Monday, April 4, 2011

Terror on the roads, aka the UK driving standards, take 1

A lovely Rolls Canardly, similar to many a motorized machine I've driven...albeit with better paint! (Wiki Commons)
Is there any rhyme or reason to the way UK examiners assess new drivers? Or, ostensibly, old drivers who learned to drive in a sane environment--in this case, Long Island, New York. Home of the Long Island Distress--I mean, Expressway, Jericho Turnpike and its "death lane" (a lane down the middle between two opposite lanes for, oh, about 40 miles and cars in it turning every which way and/or passing), and flocks of deer crossing the dunes and the roads that interrupt the dunes (since deer have no traffic signals whatsoever).

Granted, the Long Island Expressway was barely finished when I got my license in 1963. Indeed,just enough of it was finished around New York City to make a new driver freak out.

I didn't freak out. I had been taught by Mr. Fitzgerald, a Kennedy cousin, and his lessons in good and defensive driving sank in well and deep. And they have kept me safe for 47 years on two continents driving cars from state-of-the-art to close-to-the-landfill. With good transmissions and bad transmissions. Manual, three-speed, four-speed and five-speed. With and without passenger side mirror. With and without reliable brakes; ABS? Huh? Whazzat? Bald tires, new tires, mismatched tires. Cars, vans, pickup trucks, moving vans with and without a car on a trailer at the back. In short, anything from a luxury car to a Rolls Canardly.*

So why does the spectre of the UK driving test send me into paroxysms of misery and fear?

Example:

Instructor: I teach defensive driving, but not until a new driver has been at it for about three years.

Me: Why so long? I mean, wouldn't it be better to teach defensive driving at the outset?

Instructor: No. They don't have the experience to assess when it's OK to straighten out an open curve, especially one with double solid lines.

Me: (Gulp.)

Instructor: Until then, they may not really be able to tell if the curve is safe enough or not.

I wanted to scream: "Are you people nuts? These are people who say pardon me to pedestrians they are approaching when they have burped 100 feet away. These are the people who elevated simpering to a fine art. Are you crazy? Why would you EVER want a driver to straighten out a curve and ignore double solid lines? Why would you EVER want them to assess it? Why not just say, it's illegal and that's that and if you whack someone who was UNACCOUNTABLY doing 110 around it, why would you not go to jail forever? What if there's a hidden driveway and some kid shoots out of it on a bike? ARE YOU FREAKING NUTS?"

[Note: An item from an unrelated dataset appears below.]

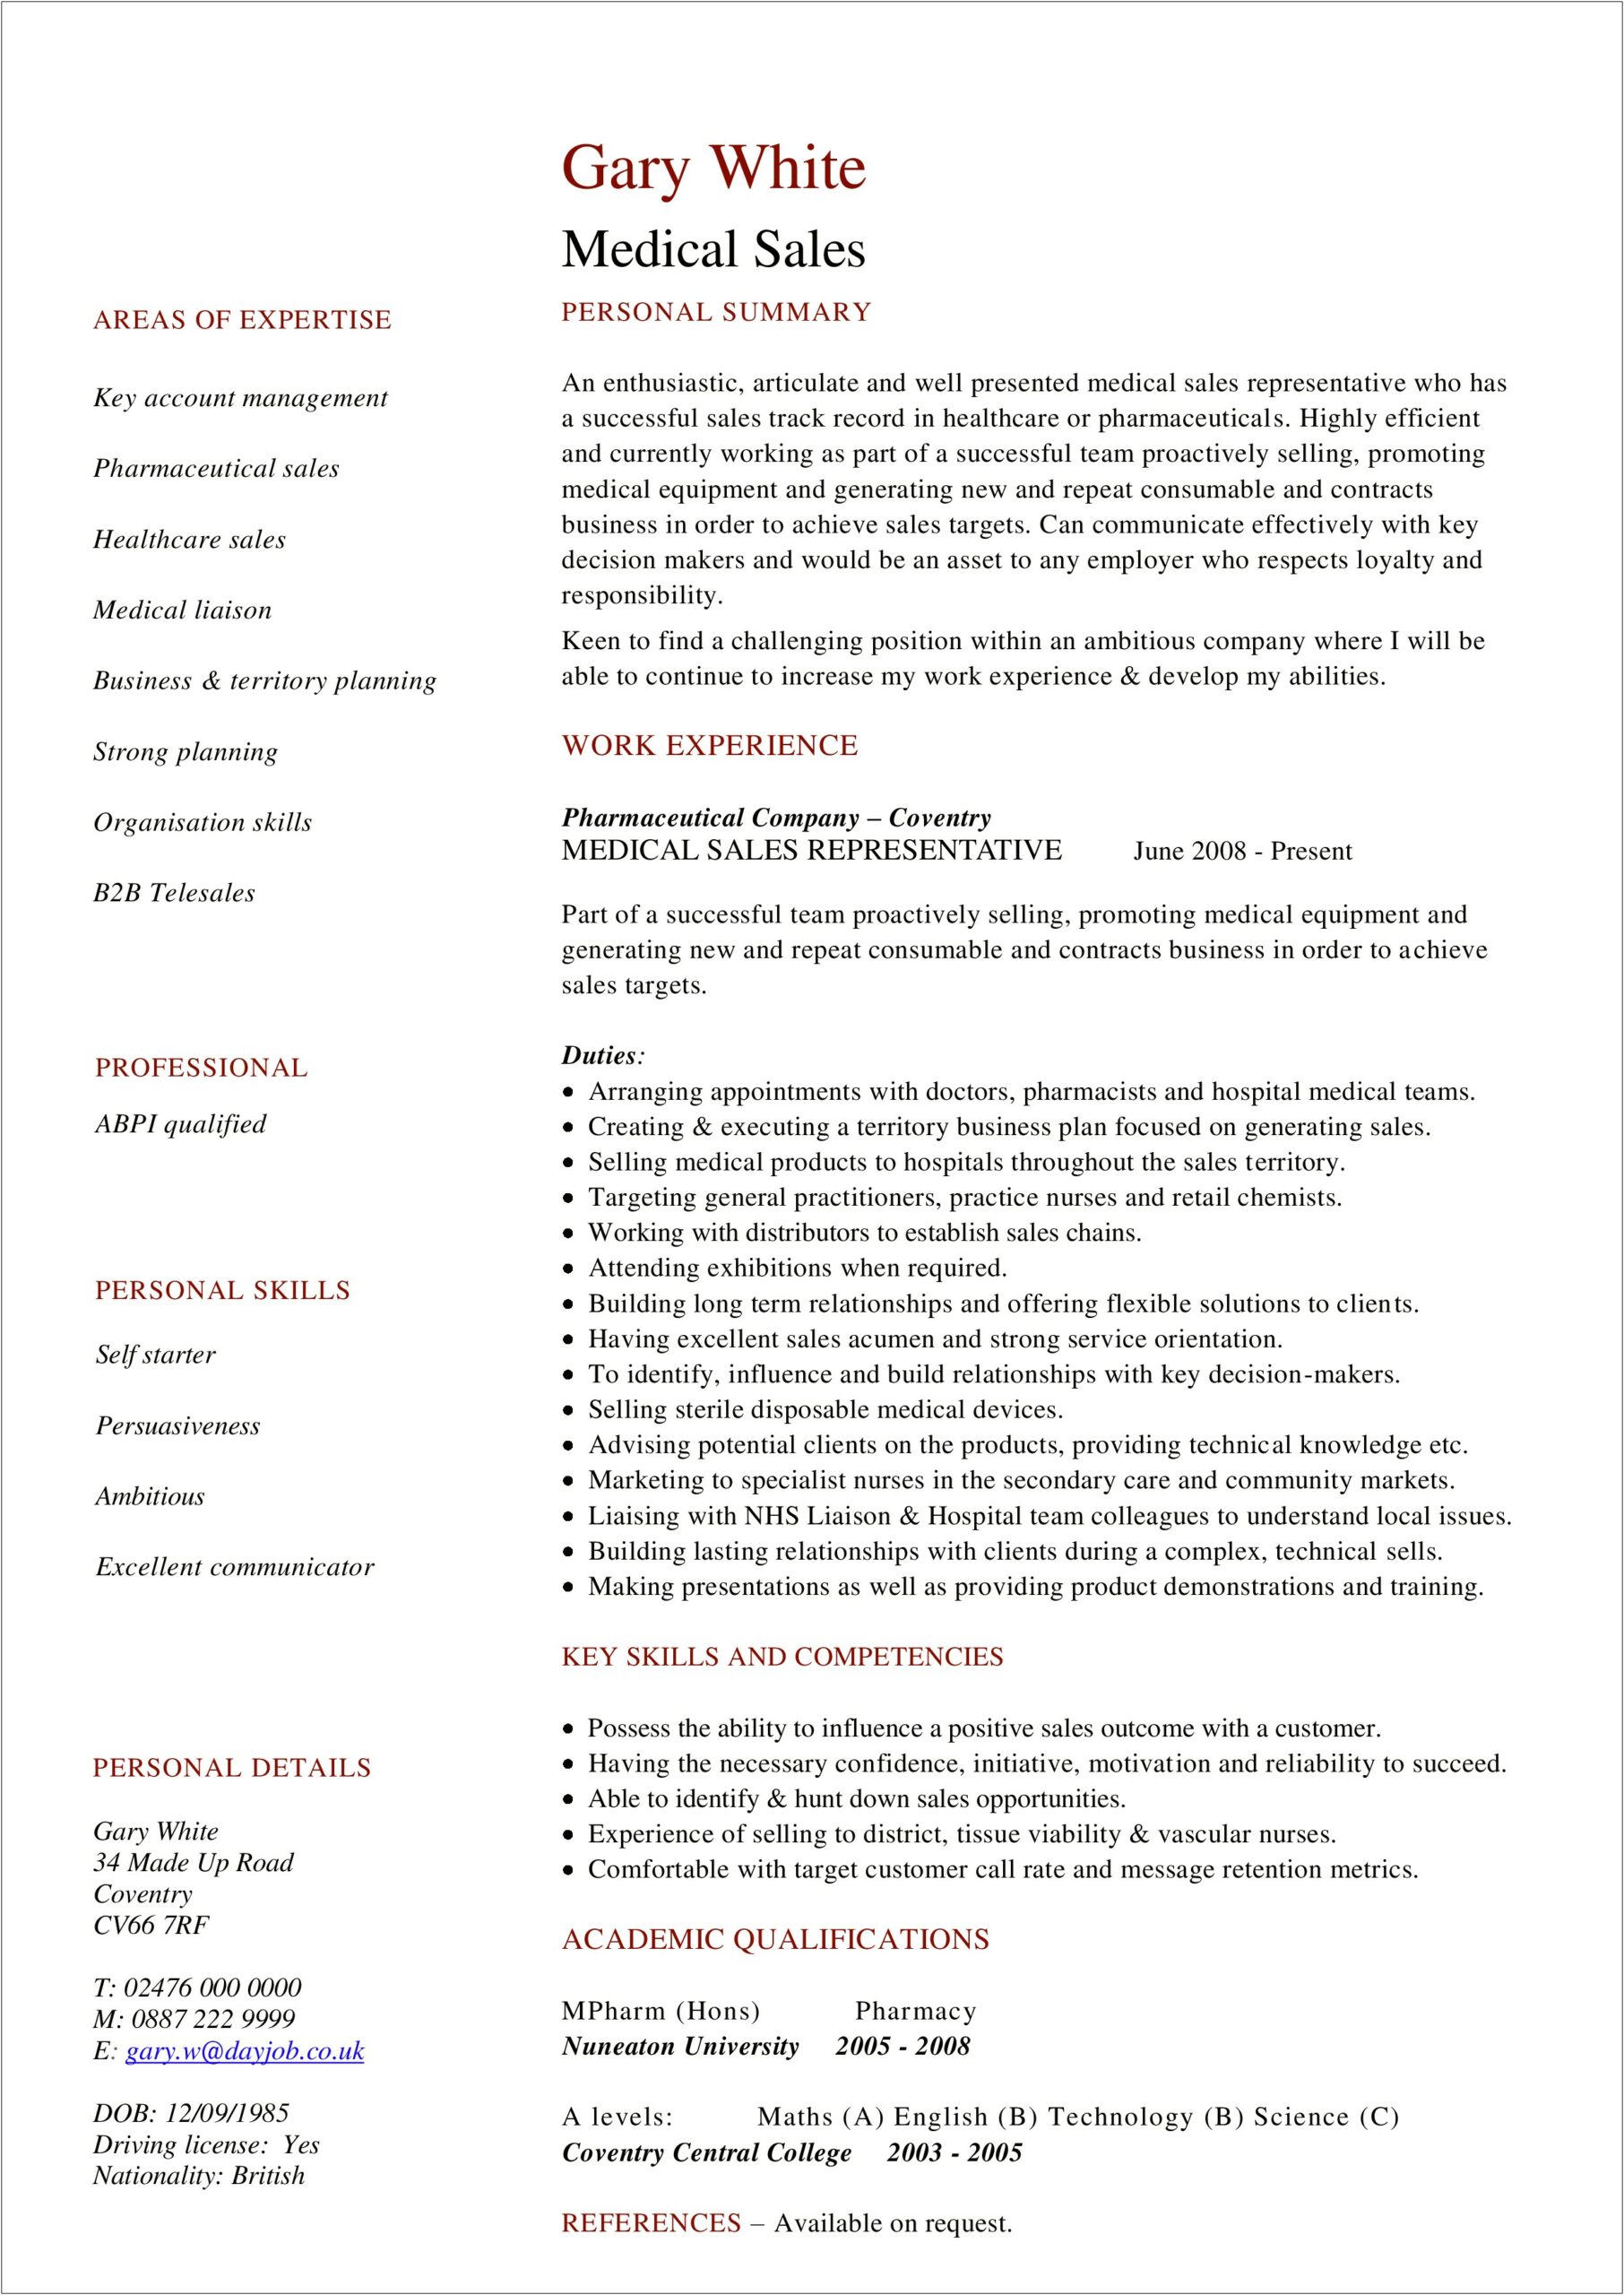 Medical Sales Representative Job Description Resume

But I didn't. I just kept driving, ever on the lookout--now that I knew--for "defensive drivers" cutting the curve on the twisty little road between the testing town and my house. (Oh, yes. Here, you drive the actual test course, rather than being prohibited from doing so, as in New York. Here, they test whether you are robotic enough and have paid for enough lessons to exactly do the inane little things demanded by the Level 5--whatever they are--standards. In New York, they test whether you can handle a car, handle situations you don't know, and have any sense whatever.)

The UK driving test is reputed to be the most difficult in the world for new drivers, and only about 43 percent pass the first time (on which more later). That's bad enough, but at least they spend 40 to 50 very expensive driving school hours learning to do it that way from the outset.

For those of us who learned to drive in sane environments, it means forgetting everything you ever knew--things that are now intuitive and ingrained and second nature and need I add have kept one safe for 47 years--to satisfy an examiner who is ensuring--as my instructor said--that every Brit drives exactly the same way.

Ain't gonna happen. Different brains, different bodies, different perceptions, different cars, different reactions, different assessments of relative distance, lack of flashing lights that say "Signal now or you will fail" on exit lanes from motorways....need I go on? You will NEVER get a whole population to drive same way. It ain't military marching; there's a lot more involved. And no drill sergeants.

Give it up, Brits. Assess safe driving, not mindless adherence to a set of rules which, by statistics, have not been shown to improve traffic safety one tiny bit.

Oh, sorry. It's about keeping the bureaucracy employed.

Silly me.

*Rolls Canardly. Old Brit joke. My car goes downhill OK, but it can 'ardly make it up the other side.